Die Leistungen der Pflegeversicherung dienen dazu, eine angemessene Pflege zu ermöglichen, zunächst unabhängig davon, ob der Pflegebedürftige zu Hause oder in einem Seniorenheim gepflegt wird. Träger sind die Krankenkassen. Ist keine eigene Krankenkasse vorhanden, dann ist das Landratsamt der richtige Ansprechpartner. Um Leistungen der Pflegeversicherung in Anspruch nehmen zu können, muss der Versicherte aufgrund einer körperlichen, geistigen oder seelischen Krankheit pflegebedürftig im Sinne des Pflegeversicherungsgesetzes sein. Die Pflegebedürftigkeit muss auf Dauer bzw. für mindestens 6 Monate bestehen. Ob eine Pflegebedürftigkeit vorliegt, prüfen Gutachter des Medizinischen Dienstes der Krankenkassen (MDK) bei einem Hausbesuch.
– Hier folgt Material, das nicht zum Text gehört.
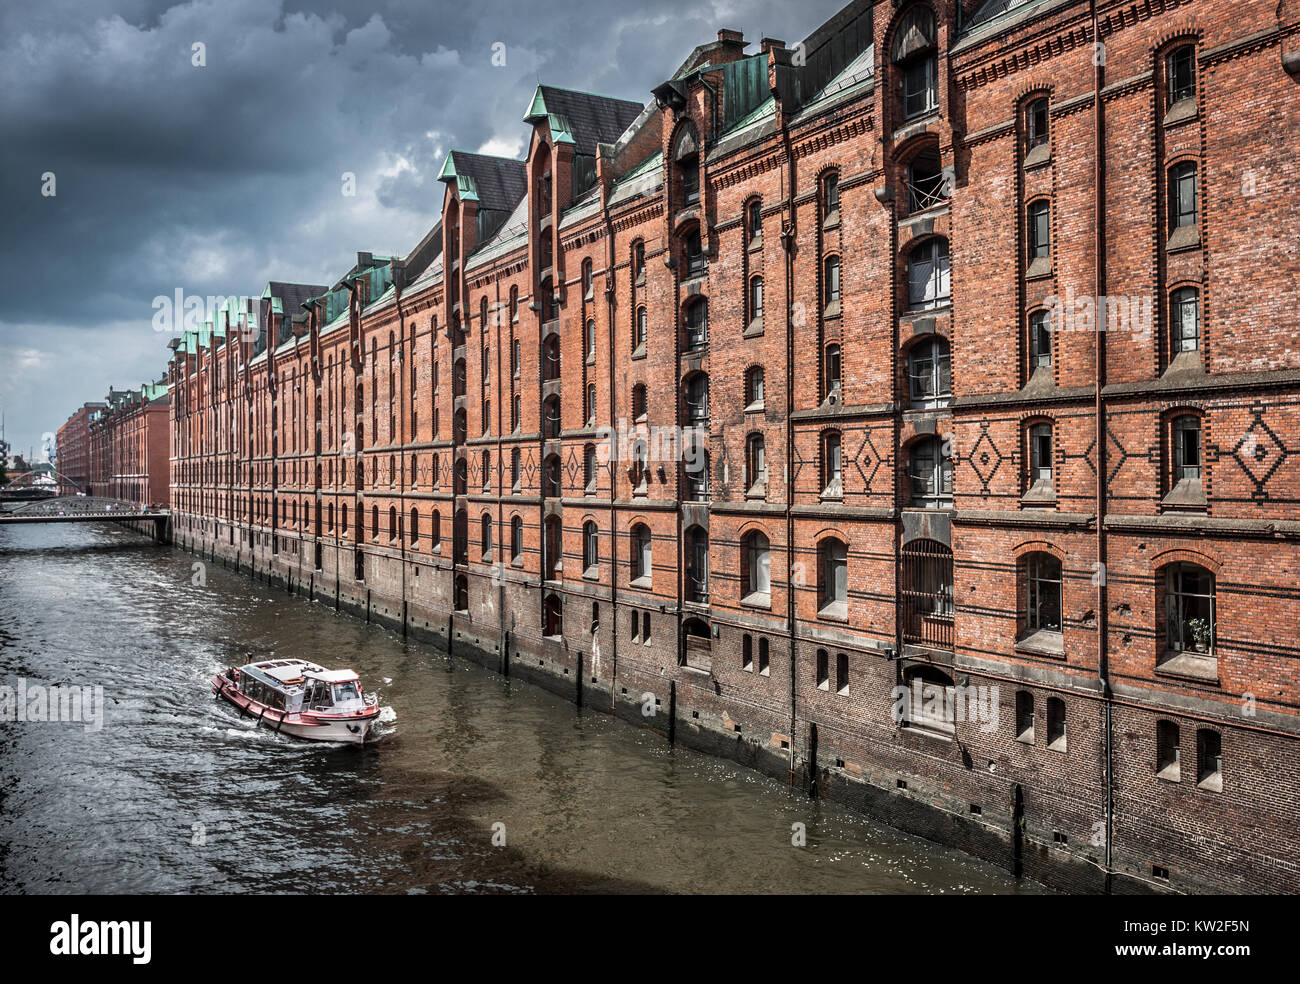 Famoso distrito de almacenes Speicherstadt con nubes oscuras antes de la tormenta en Hamburgo, Alemania. Foto de stock

Sie beurteilen, ob und wie viel Hilfe benötigt wird, um Körperpflege und Ernährung zu bewältigen, und ordnen den Versicherten einer der drei Pflegestufen zu.

Ab 01.01.2017 erfolgt die Umstellung von den bisherigen Pflegestufen auf 5 Pflegegrade und die Einführung des neuen Pflegebedürftigkeitsbegriffes. Mit Umsetzung des neuen Pflegebedürftigkeitsbegriffes erhalten erstmals alle Pflegebedürftigen gleichberechtigten Zugang zu den Leistungen der Pflegeversicherung, unabhängig davon, ob sie von körperlichen oder psychischen Einschränkungen betroffen sind.

Hilfe zur Pflege

Wenn die Leistungen der Pflegekasse sowie das Einkommen und Vermögen zur Finanzierung der Heimkosten oder der ambulanten Pflege nicht ausreichen, kann ein Antrag auf Hilfe zur Pflege nach §61 Sozialgesetzbuch XII gestellt werden.
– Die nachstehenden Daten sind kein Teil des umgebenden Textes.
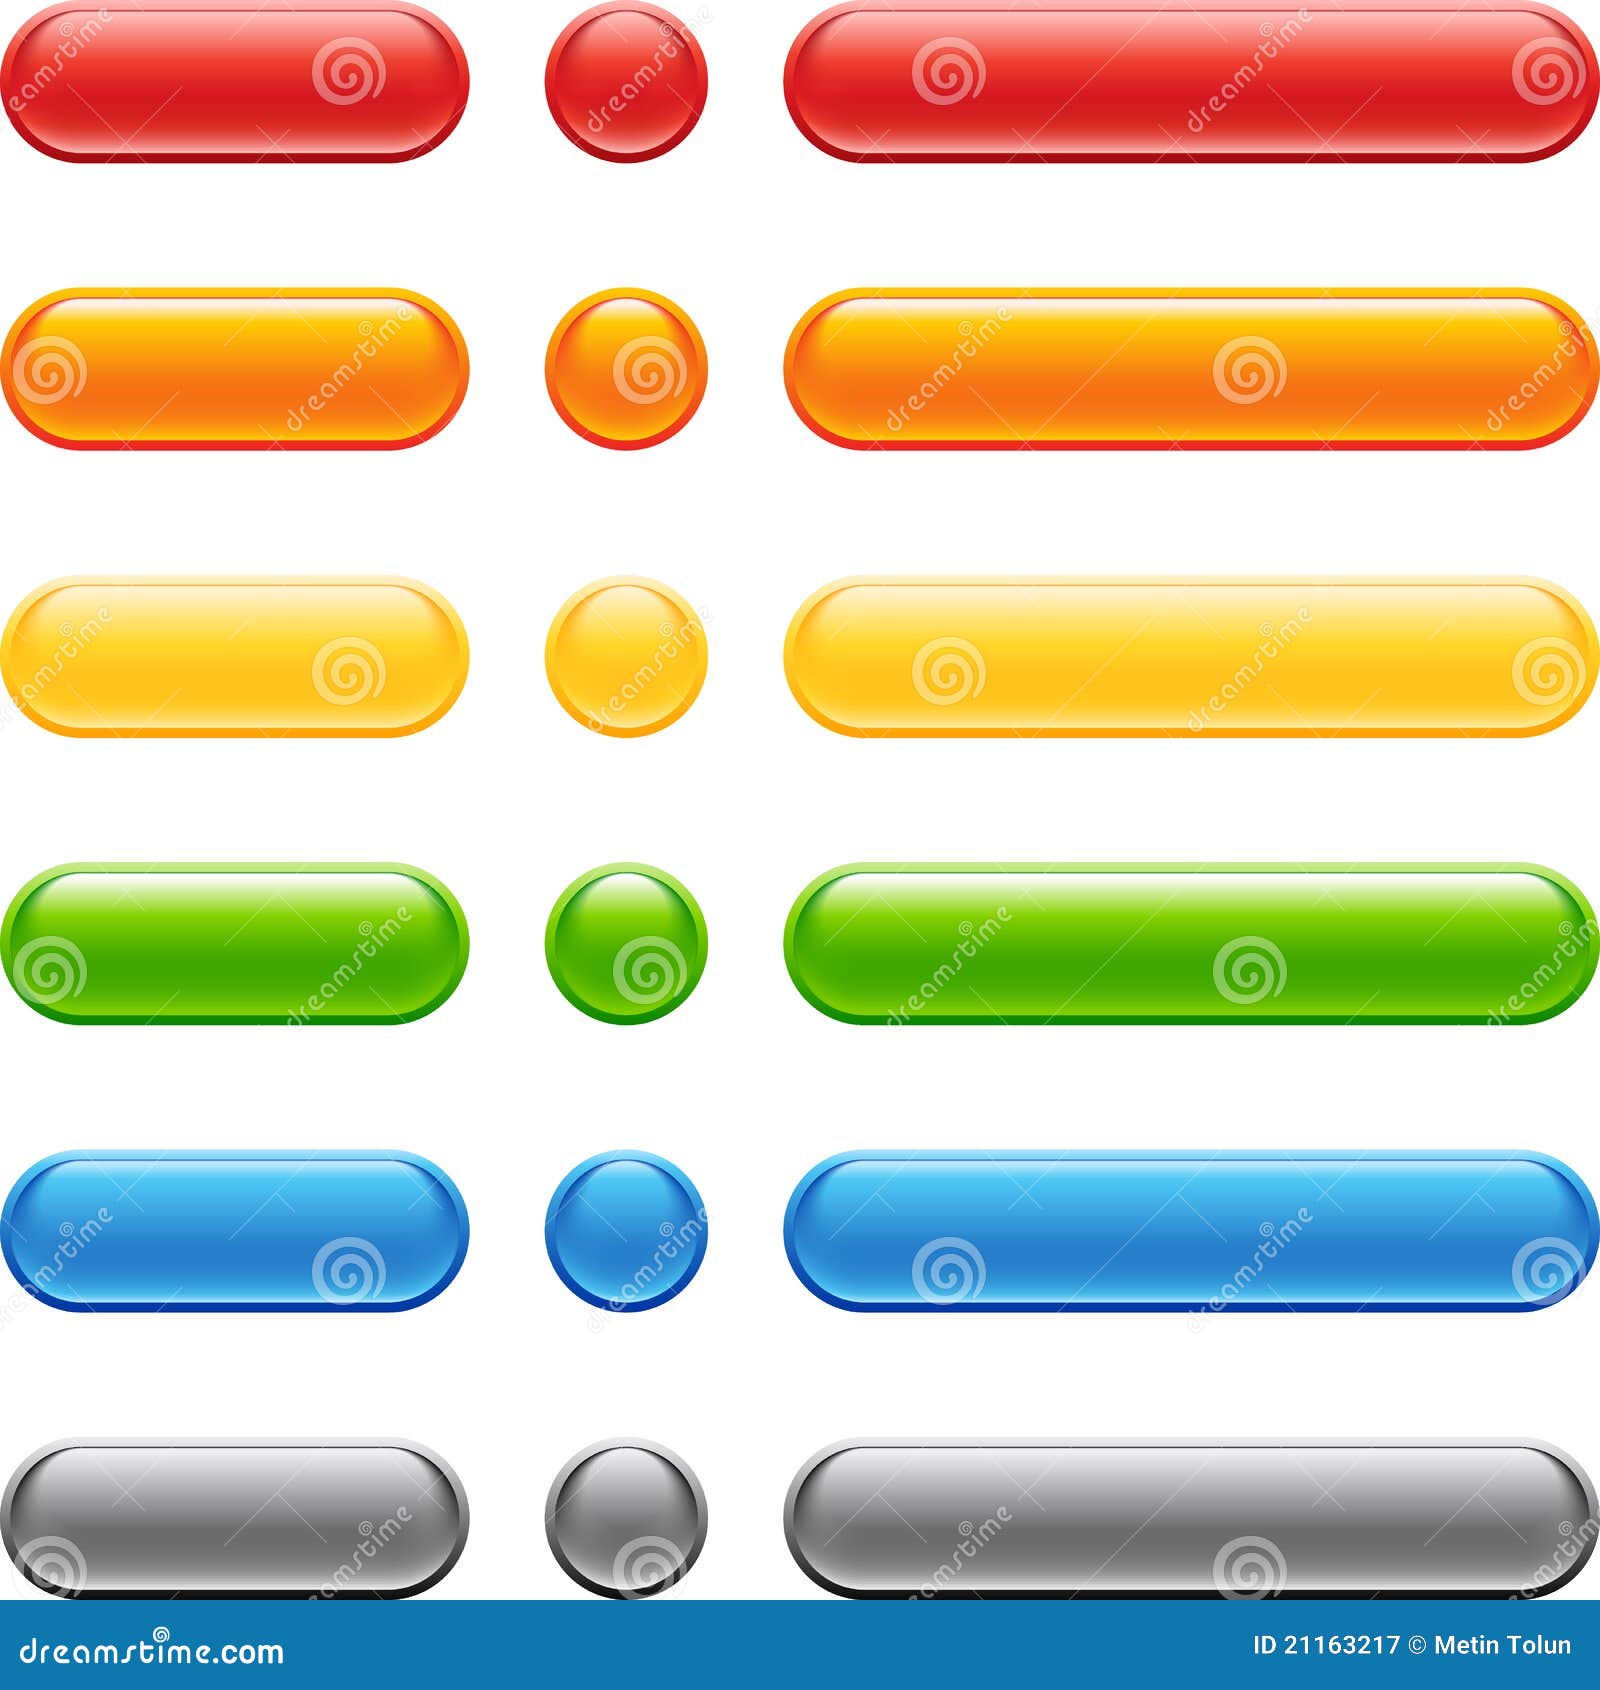 colored web button set

Sollte ein Bedarf unterhalb der Pflegestufe 1 bestehen (sog. Pflegestufe 0), kann von Seiten des Sozialhilfeträgers dennoch Hilfe zur Pflege gewährt werden. Dabei kann es sich auch nur um eine hauswirtschaftliche Versorgung handeln. Hierzu werden im Einzelfall die Voraussetzungen geprüft. Die Leistungen sind jedoch einkommens- und vermögensabhängig.
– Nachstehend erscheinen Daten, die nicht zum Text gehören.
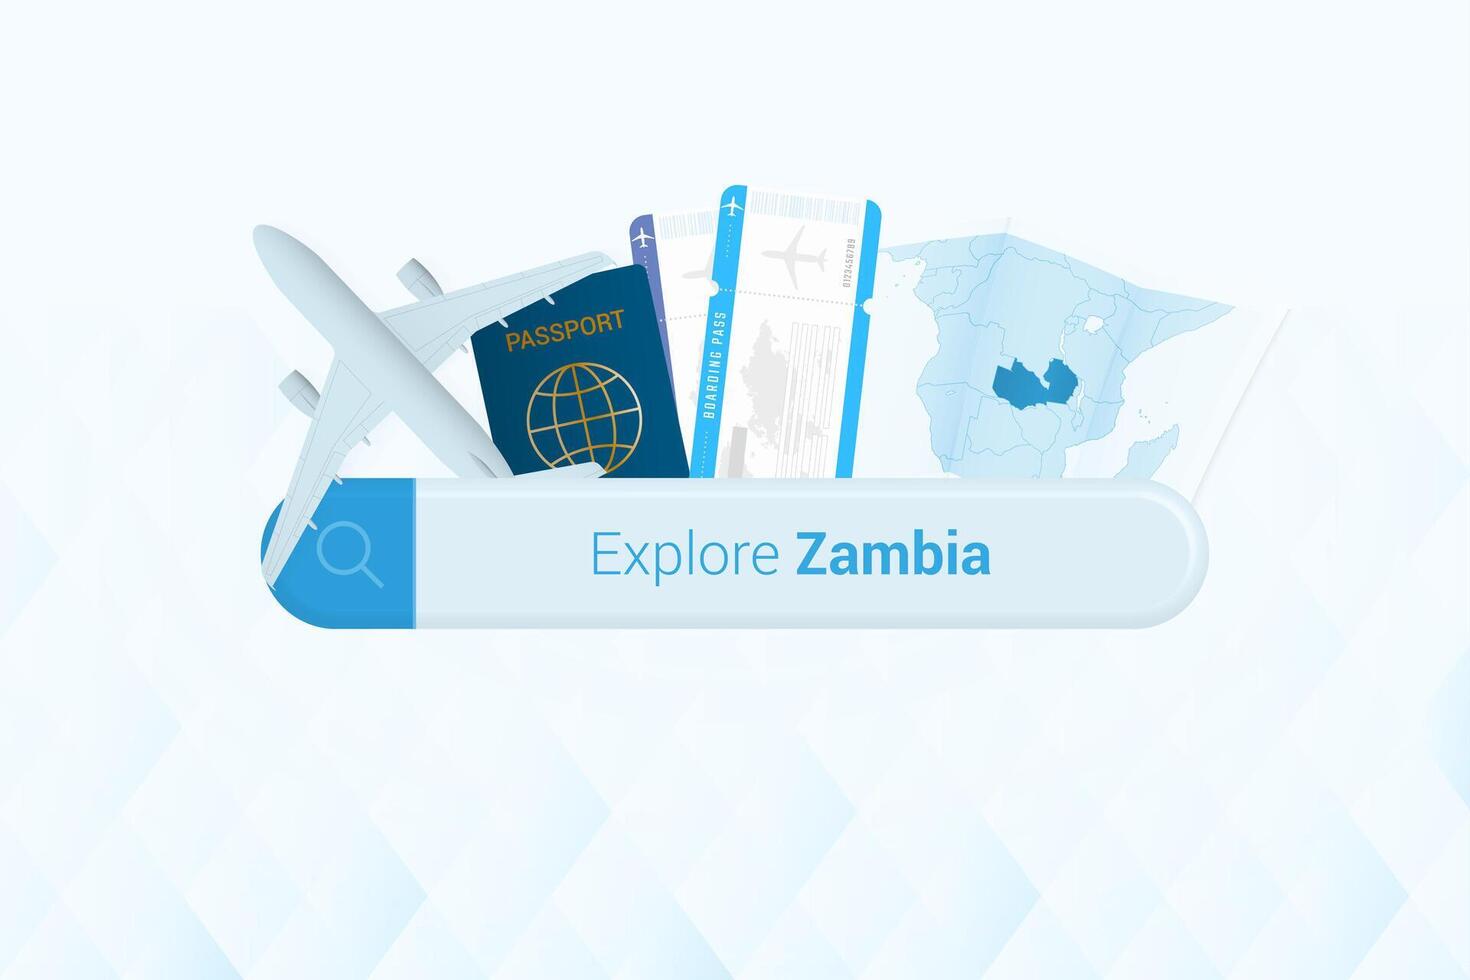 suchen Tickets zu Sambia oder Reise Ziel im Sambia. suchen Bar mit Flugzeug, Reisepass, Einsteigen passieren, Tickets und Karte. vektor

Ansprechpartner und Kostenträger für Heimunterbringung, ambulante Pflege und Tagespflege

Bezirk Schwaben
Sozialverwaltung
Hafnerberg 10, 86152 Augsburg
Telefon 08 21 / 31 01 0
Email: sozialverwaltung@bezirk-schwaben.de
www.bezirk-schwaben.de

Seniorenberatungsstelle der Stadt Neu-Ulm im Generationentreff
Ansprechpartnerin für Bewohner der Kernstadt:
Tanja Kast
Telefon 07 31 / 70 42 – 71 1
Reuttierstr. 23/1, 89231 Neu-Ulm
Email: ta.kast@neu-ulm.de
Di bis Do : 08.30 – 10.00 Uhr

Ansprechpartnerinnen für Bewohner der Oststadt, Offenhausen, Pfuhl und Burlafingen:
Claudia Sellmer
Annika Sommer
Telefon: 07 31 / 72 56 53 97
Reuttierstr. 23/1, 89231 Neu-Ulm
Email: 
c.sellmer@neu-ulm.de 
a.sommer@neu-ulm.de
seniorenberatung@neu-ulm.de
Mo 11.00 – 12.00 Uhr
Di, bis Do 09.00 – 11.00 Uhr

Außensprechstunde:
Telefon: 07 31 / 9 77 17 17
Offenhauser Straße 17, 89231 Neu-Ulm
Di 10.00 – 12.00 Uhr

Seniorenberatungsstelle der Caritas im Albertinum
Ansprechpartner für Bewohner der Stadtteile Vorfeld, Wiley und Ludwigsfeld
Ulrike Spieß
Heinz-Rühmann-Straße 7, 89231 Neu-Ulm
Terlefon: 07 31 / 9 80 78 82
Email: albertinum@caritas-neu-ulm.de

Seniorenberatungsstelle der AWO
im Alfred-Schneider-Haus
Ansprechpartnerin für Bewohner der Weststadt: Friederike Draesner
Alfred-Schneider-Haus
Eckstraße 3, 89231 Neu-Ulm
Telefon 07 31 / 9 85 64 14
Email: friederike.draesner@awo-schwaben.de  

Unabhängige Pflegeberatung des Pflegeservice Bayern

  • Berät unabhängig zu allen Fragen der Pflegeversicherung
  • Hilft bei der Organisation der Pflege durch Vermittlung passender Hilfsangebote
  • Bietet für pflegende Angehörige Entlastung durch Beratung oder Vermittlung zum persönlichen Pflegebegleiter

Servicezeiten:
Mo – Fr 08.00 – 18.00 Uhr
Telefon: 08 00 / 7 72 11 11 (gebührenfrei)
www.pflegeservice-bayern.de

Bundesweites Pflegenetzwerk

Das Bundesweite Pflegenetzwerk ist eine unabhängige Pflegeberatung, die keine Fördermittel erhält und keine institutionelle Anbindung aufweist. Die durch die angebotene Dienstleistung entstehenden Kosten werden transparent und vor Leistungserbringung mit dem Kunden besprochen. Das Bundesweite Pflegenetzwerk unterstützt vor allem bei ablehnenden Bescheiden durch die Pflegekassen (Neuantrag oder Höherstufung).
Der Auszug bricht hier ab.